Let’s start by transferring those items to your iTunes library which you have purchased or downloaded via iTunes store/App store using your Apple ID. To avoid any inconvenience in the coming steps, be sure to uncheck ‘Avoid iPods, iPhones, and iPads from syncing automatically’ from iTunes Preferences.

Now we will try to authorize the new computer for use with the iOS device. Navigate to Store> Authorize this Computer. Enter your Apple ID and password (the one that you used for purchasing music and apps currently on your iOS device). This will take a moment. This is where we begin the process. Right-click your iOS device in the sidebar and click ‘Transfer Purchases’.

You’ll see the transfer in progress. This will transfer all the iTunes-purchased content from the device to the iTunes library, including music, apps, videos, books, etc.

Once the transfer is complete, click your iOS device in the sidebar, and click the ‘Apps’ tab. At this point, ‘Sync Apps’ will be unchecked. Click to check it, and iTunes will ask you if you want to replace all apps on the iOS device with the apps in the iTunes library.


Don’t panic! Remember we’ve just transferred all the apps from your iOS device to your iTunes library, so it’s just a matter of clicking ‘Sync Apps’. Nothing will happen (well, in my case, nothing happened, and it’s supposed to be the same for you). Why? Because iTunes knows that all the apps which are in the iTunes library are also in the iOS device, so it would be really silly to erase all those apps and then reinstall all of them. So, nothing happens. From this point onwards, you can add/remove apps from your iOS device. All your apps are safe. Also, all the media content purchased from iTunes is also safe, since it was transferred to iTunes when you clicked ‘Transfer Purchases’.

All that’s left now is to manually extract the music (that you probably ripped and copied), videos, photos, and ringtones from your iOS device to the computer, and then sync all this stuff back to the device so that it looks exactly the same as it did before, and in addition, it will be syncable with the new computer. Let’s go.
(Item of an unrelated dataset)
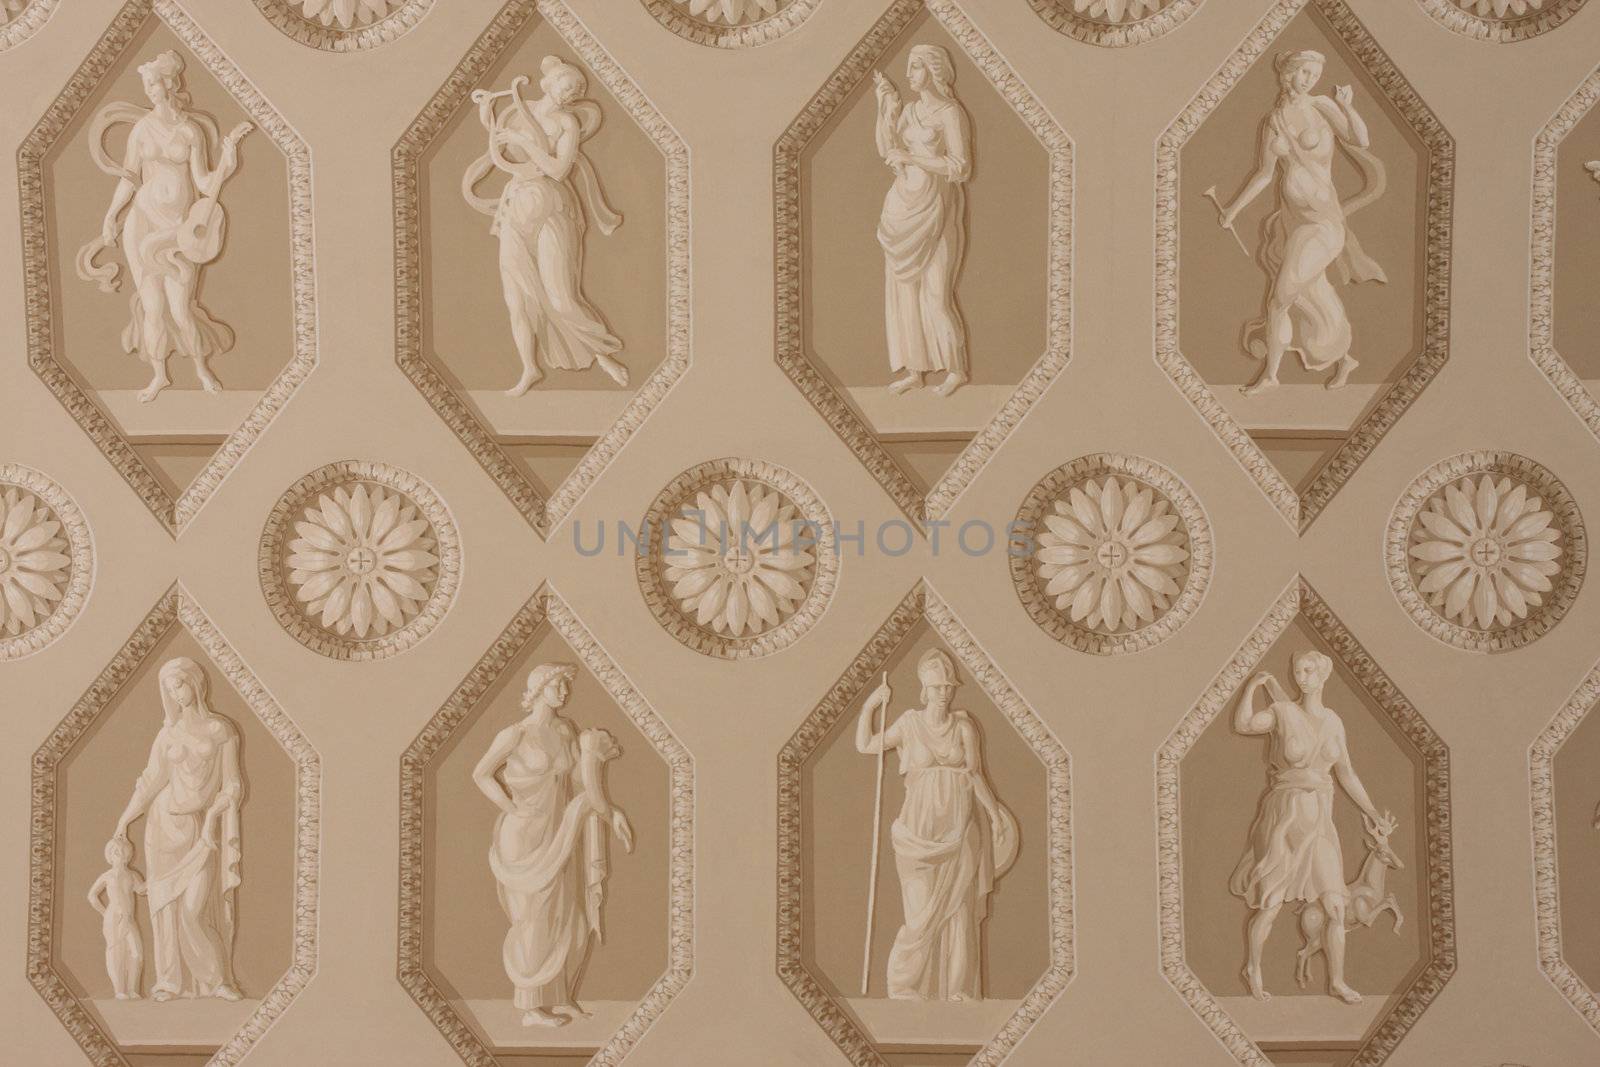 Ornament, ceiling, architecture, art, figures, people, background, structure

Recovering Media (music, videos, voice memos, ringtones) from the iOS device

The process for manually extracting music from an iOS device is the same as for iPods (as mentioned in the previous guide). Windows users can use SharePod and Mac users can try Senuti. As described earlier, SharePod can recover a variety of media (but without identifying the media type). In case of an iOS device, it can extract music, videos, playlists, voice memos, photos, and even ringtones from the iOS device, and copy all the media to your computer. Once copied, you can import all the stuff back into iTunes, let it erase this content from your iOS device, and sync it back.
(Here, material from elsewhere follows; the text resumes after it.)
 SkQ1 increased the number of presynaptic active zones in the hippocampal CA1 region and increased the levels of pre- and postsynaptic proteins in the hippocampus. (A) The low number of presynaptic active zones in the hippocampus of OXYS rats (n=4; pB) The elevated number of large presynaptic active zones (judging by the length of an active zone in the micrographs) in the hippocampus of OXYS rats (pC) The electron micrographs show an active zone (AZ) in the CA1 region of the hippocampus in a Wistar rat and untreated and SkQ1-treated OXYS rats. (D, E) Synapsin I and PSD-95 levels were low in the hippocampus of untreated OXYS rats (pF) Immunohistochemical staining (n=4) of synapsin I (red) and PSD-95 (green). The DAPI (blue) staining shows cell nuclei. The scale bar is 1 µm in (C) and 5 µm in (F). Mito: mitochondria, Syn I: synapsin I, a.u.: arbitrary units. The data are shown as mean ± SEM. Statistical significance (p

Connect the iOS device to the computer, make sure iTunes is not running. Open SharePod. It will recognize the device instantly. All your media will be displayed in the SharePod window. If you wish to recover everything (and you should), press Ctrl+A, and click the Copy to Computer button. Choose how you want the extracted media to be categorized, and whether or not you want the extracted media to be automatically imported into iTunes. Once that’s done, click the Ok button to start copying the media from the iOS device to the computer.

Recovering Photos

If you want to extract photos from the iOS device, click the ‘Photos’ button in the SharePod sidebar. Next, select the photo albums (folders) you want to copy the photos from. You cannot select individual photos, so you’ll have to copy the entire album to your computer. Click Copy Photos to Computer, specify a location, and the photos from your iOS device will be copied to that location.

However, please note that these photos might not be the same size as the originals (that you synced in the first place), because photos are resized (and optimized) before syncing to an iOS device.

Let’s go through our checklist once again.

✔ Music

✔ Videos

✔ Photos

✔ Apps

✔ Books

✔ Podcasts

✔ The iOS device can now sync with the new computer. Awesome!